日本政府は10日、北朝鮮の長距離弾道ミサイル発射を受け、独自の制裁措置を決定。2014年5月の拉致問題再調査の日朝合意(ストックホルム合意)を受けて解除した、在日本朝鮮人総連合会(朝鮮総連)幹部の再入国原則禁止などの復活に加え、再入国禁止の対象者を、北朝鮮に渡航した核・ミサイル技術者などに拡大した。

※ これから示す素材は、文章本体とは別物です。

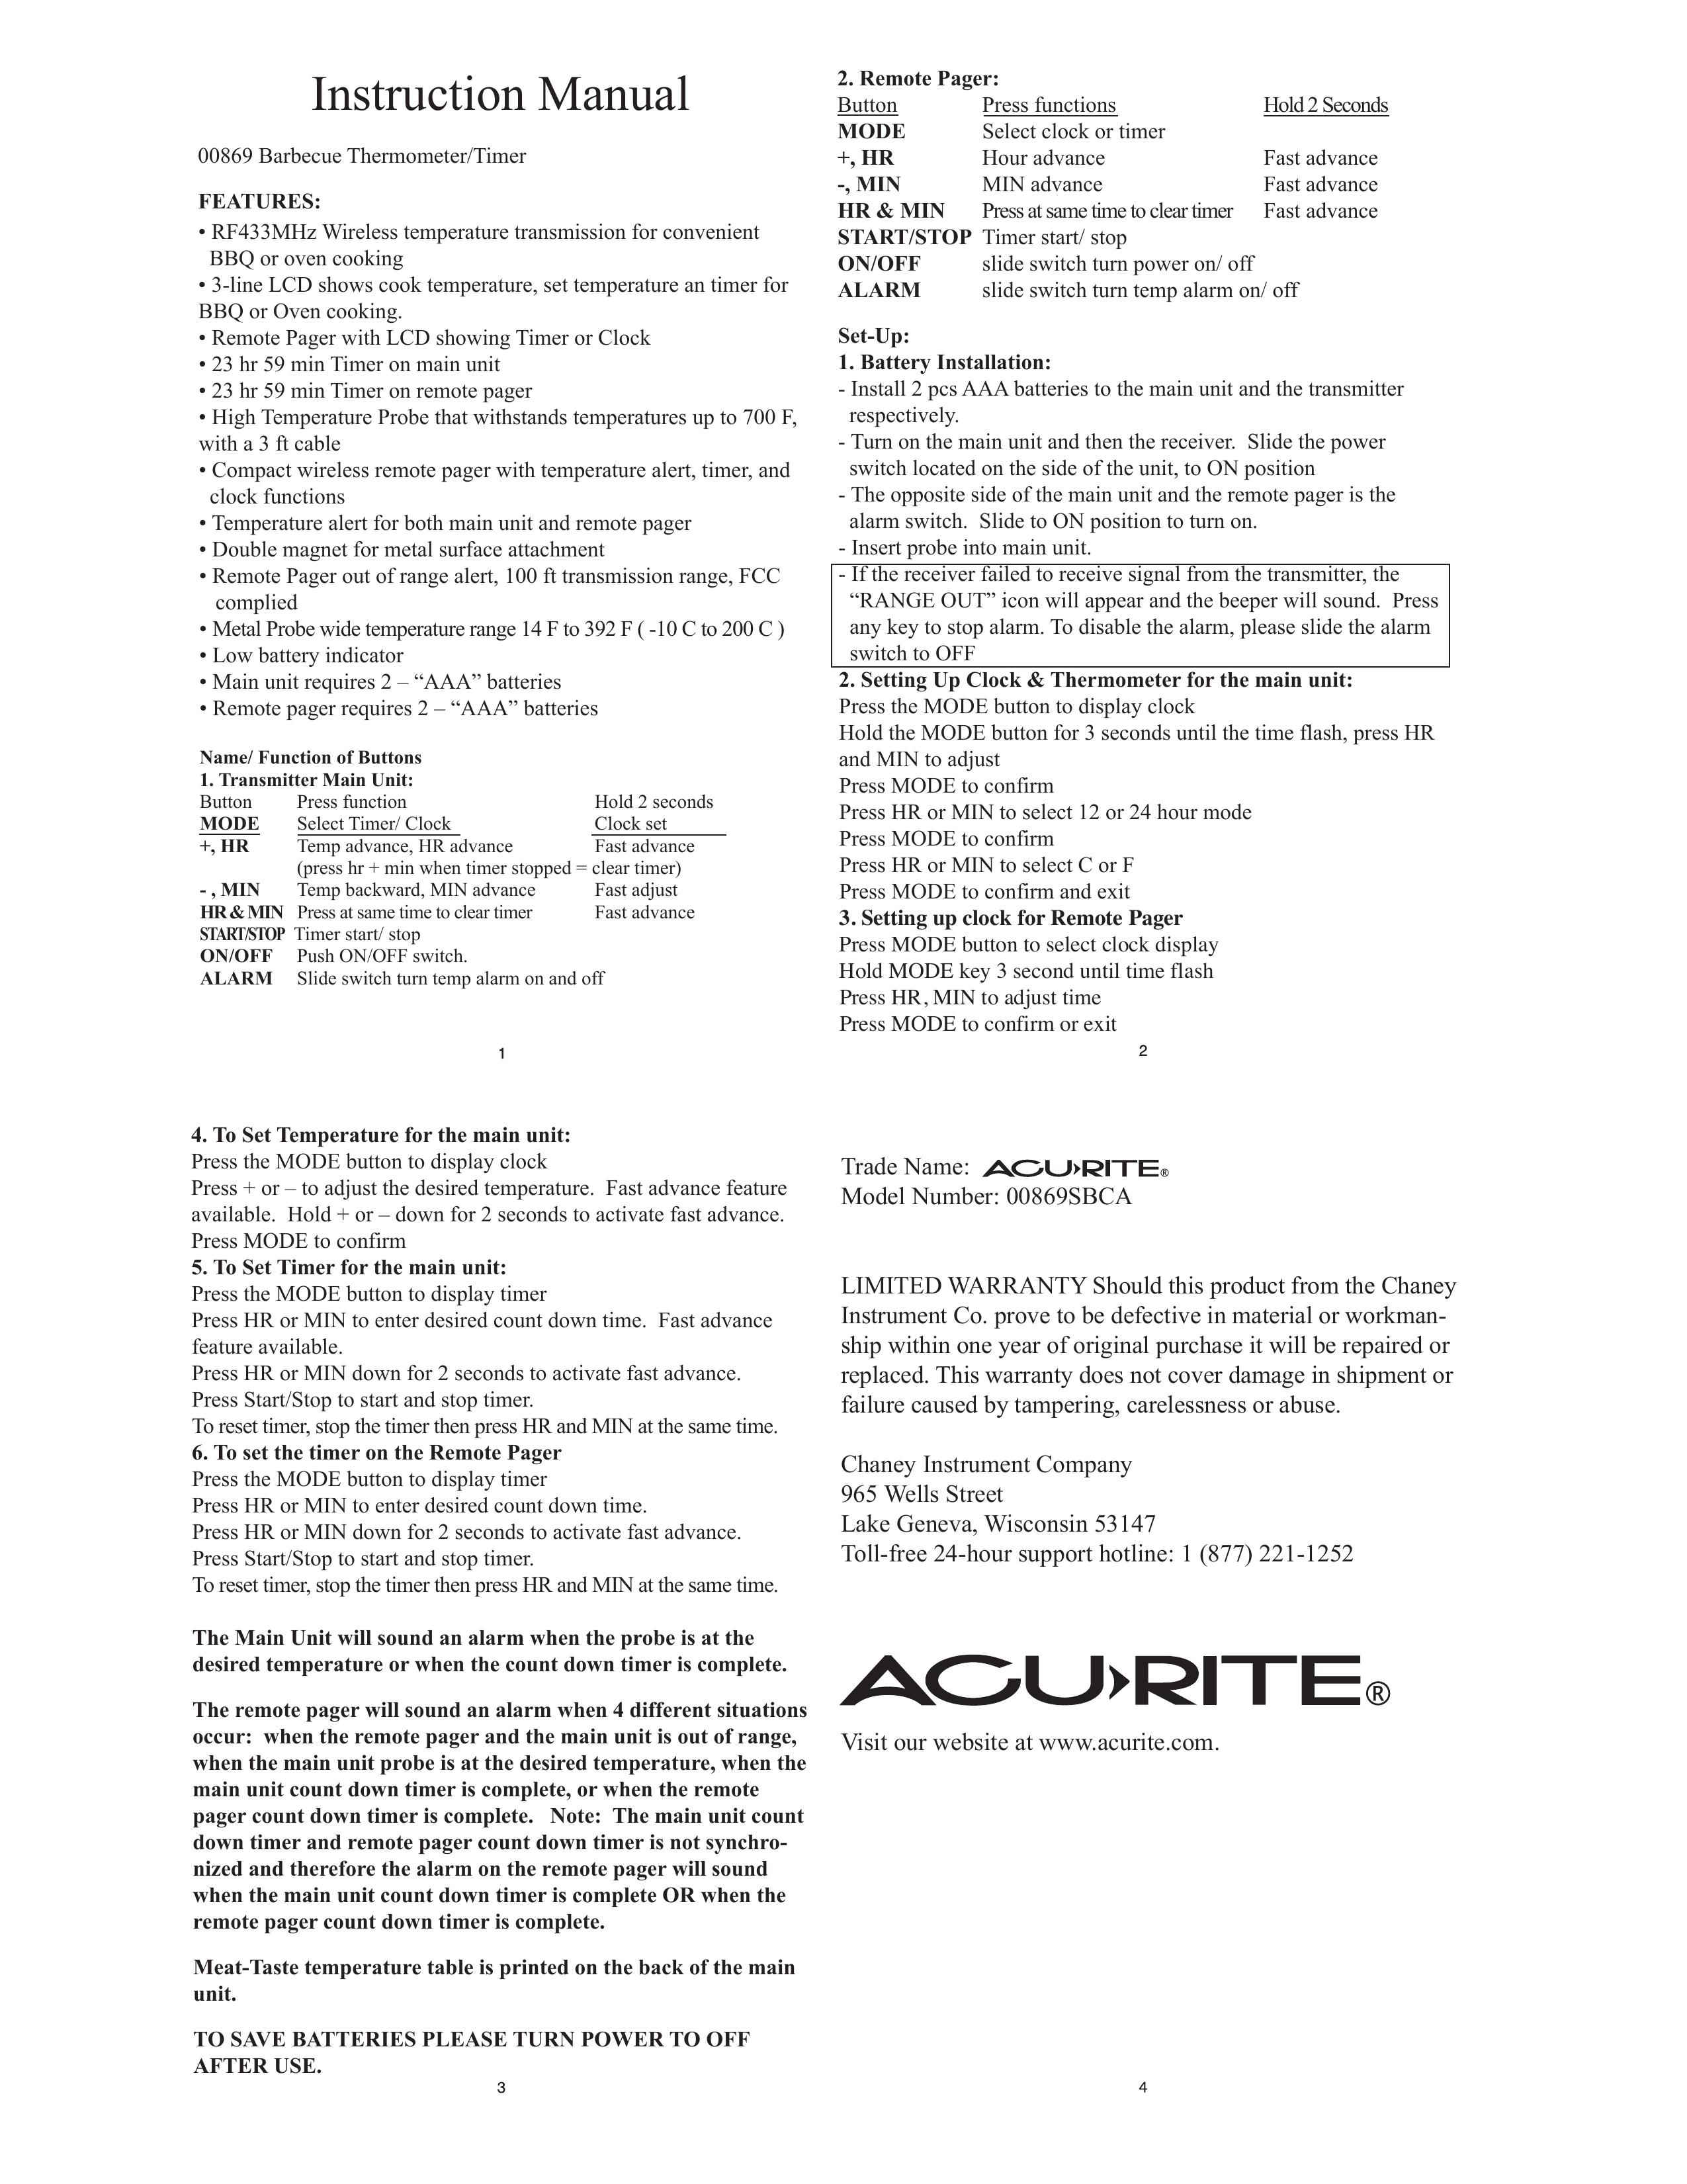 Acu-Rite 869 Grill Accessory User Manual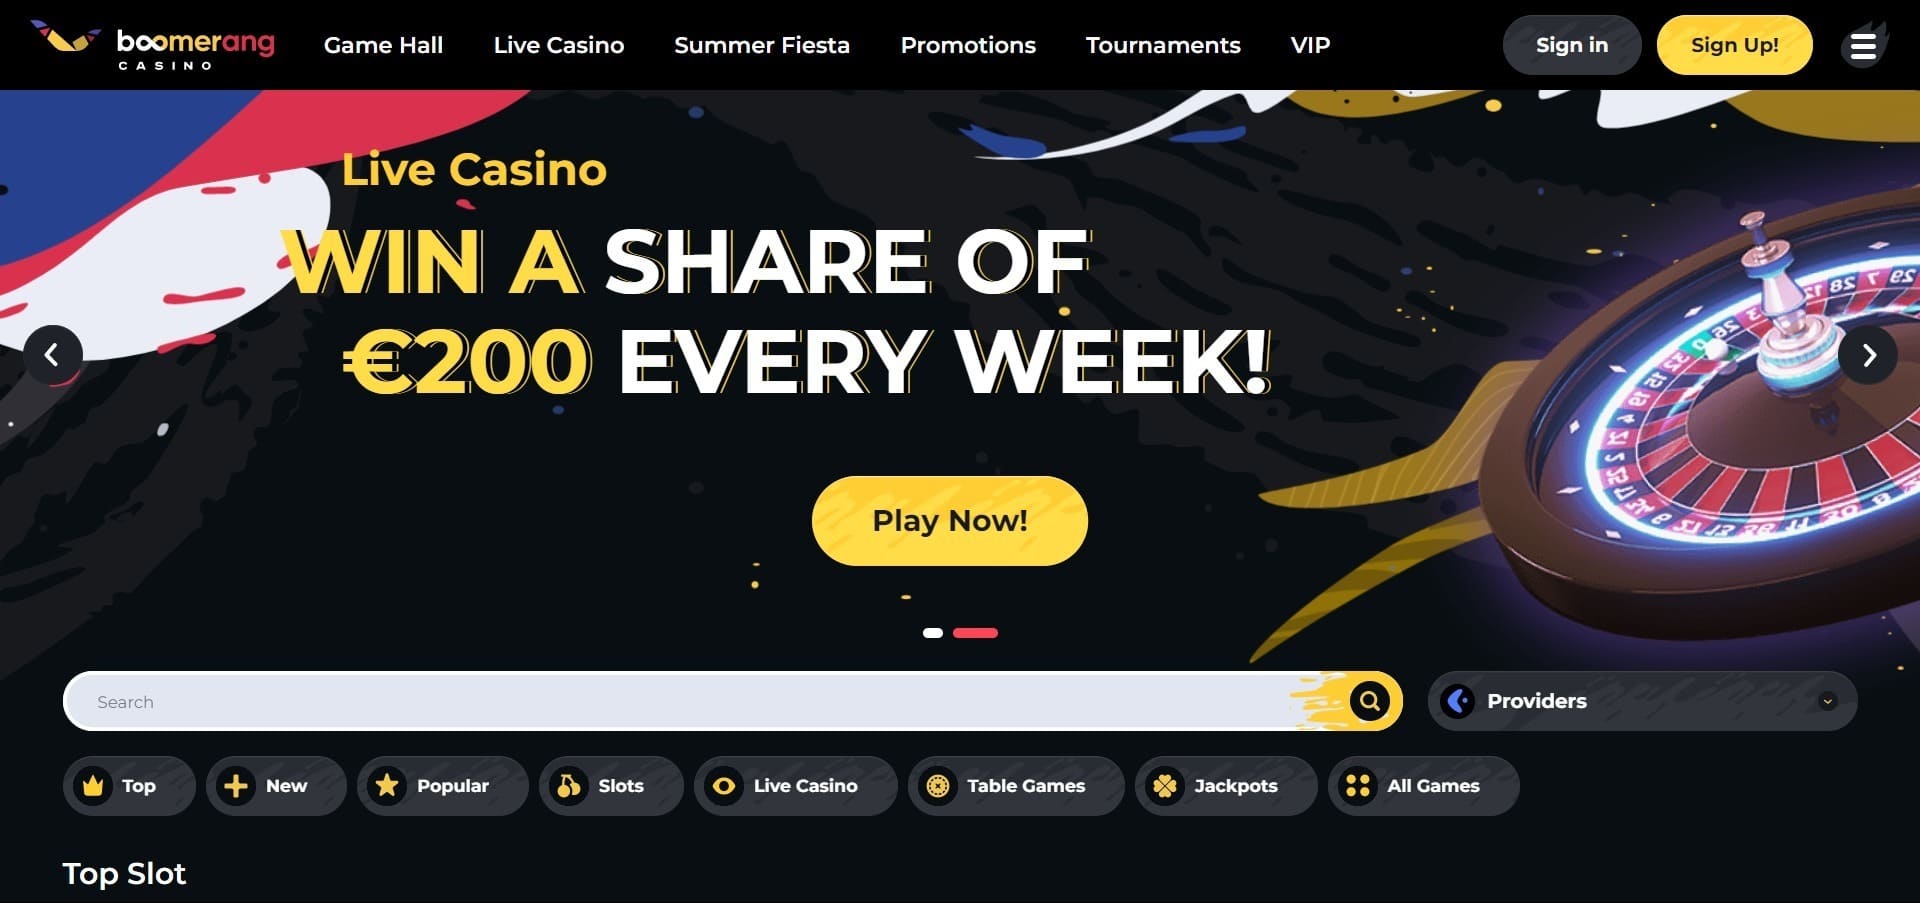 Επίσημος ιστότοπος της Boomerang Casino

ただ、それで何が得られるかと言えば、効果は恐らく「ゼロ」だろう。
北朝鮮側の金正恩第1書記らは、慢性的な財政難のため「送金能力」を失った朝鮮総連にはほとんど関心がない。北朝鮮産マツタケの不正輸入事件などを巡って朝鮮総連の関係先が捜査対象になった際、北朝鮮側は非難の声を上げたが、それは“ポーズ”に過ぎない。「日本側が我々を敵視するなら、拉致問題の話し合いには応じられない」と怒って見せ、交渉カードにしようというものだ。
何より、朝鮮総連の許宗萬(ホ・ジョンマン)議長本人が、2014年9月に8年ぶりに訪朝した際、金正恩第1書記と面会してもらえず、ガッカリしたとのエピソードが伝わっている。
(参考記事:「祖国が変わった」朝鮮総連・許宗萬議長が不満吐露)また、日朝間の貿易が全面禁止になって以降、ヒトとモノの往来が激減していることを考えれば、日本からの核・ミサイル関連技術の流入もほとんどなくなっていると考えるのが自然だ。